Ancora Nogara (Lega): «E' stato detto che nel patto c’è il vincolo della scadenza dell’AIA nel 2032, ma da più parti si spinge per una chiusura anticipata. Come ci si può vincolare al termine di fronte a una volontà politica conclamata?».

Prende la parola il consigliere Amaretti (Progetto Valmadrera): «I documenti hanno un valore e dicono che non ci sono fazioni “pro” e “contro” il termovalorizzatore. Stando all'Odg del Consiglio tenutosi il 25 settembre 2018 si apprende la volontà del Comune di Valmadrera, che ha chiesto agli altri Comuni di trovare delle alternative alla combustione dei rifiuti e ha previsto nel 2032 la tassativa chiusura del forno».

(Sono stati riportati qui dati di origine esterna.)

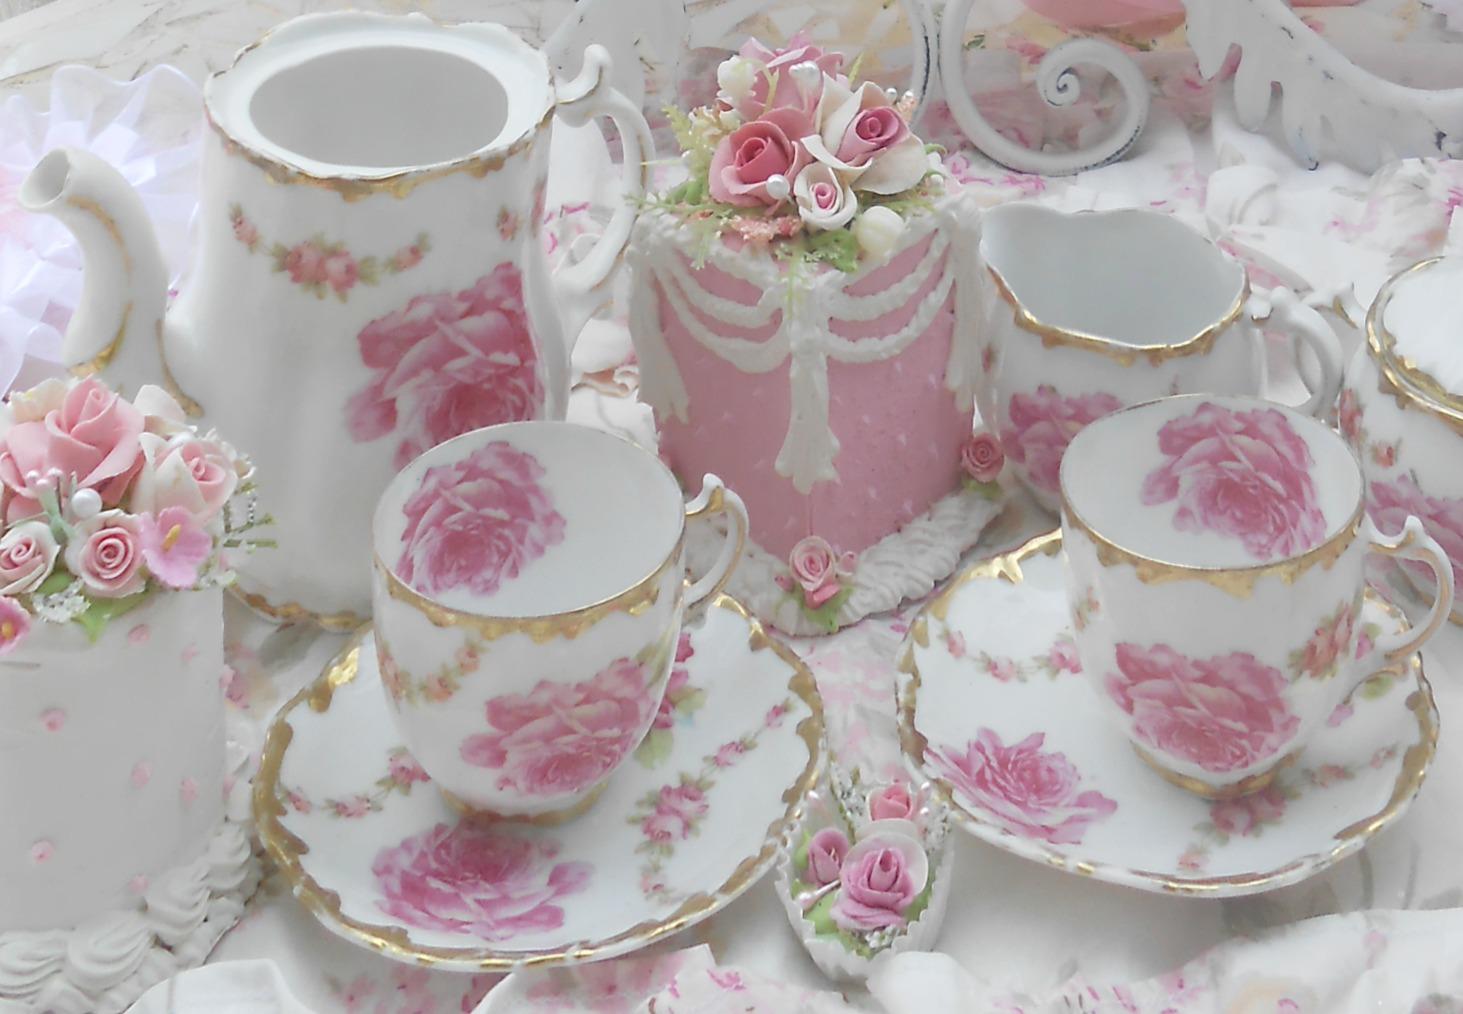 Teaparty: Olivia's Romantic Home: Rose Garden Tea Party

In chiusa il parere politic del sindaco Rusconi, che si rivolge polemicamente a Nogara: «La posizione della Lega in Regione e in Provincia non è allineata a quella che lui manifesta qui, basta vedere la nomina dell'ex assessore Missaglia al rango di vicepresidente. L’indirizzo della Regione è chiaro, i due forni messi peggio in Lombardia non verranno chiusi. Mi fa piacere questo attaccamento, ma nel settembre 2014 eravamo gli unici a votare contro il potenziamento del forno e venivamo visti come alieni». L'accusa scuote nuovamente l'animo dello stesso Nogara («Grazie a noi per la prima volta il forno ha avuto una data di chiusura») e porta all'avviso di allontanamento "sventolato" dal primo cittadino nei confronti del consigliere di minoranza.

Questa, prima della votazione, la dichiarazione di voto del capolista Colombo (Progetto Valmadrera): «Non ritengo accettabile il sentirmi dire che non abbiamo a cuore la salute dei valmadreresi. Se forno inceneritore e teleriscaldamento non fossero cose diverse non saremmo nemmeno qui a parlarne».

5-11, la "vita" della convenzione continua.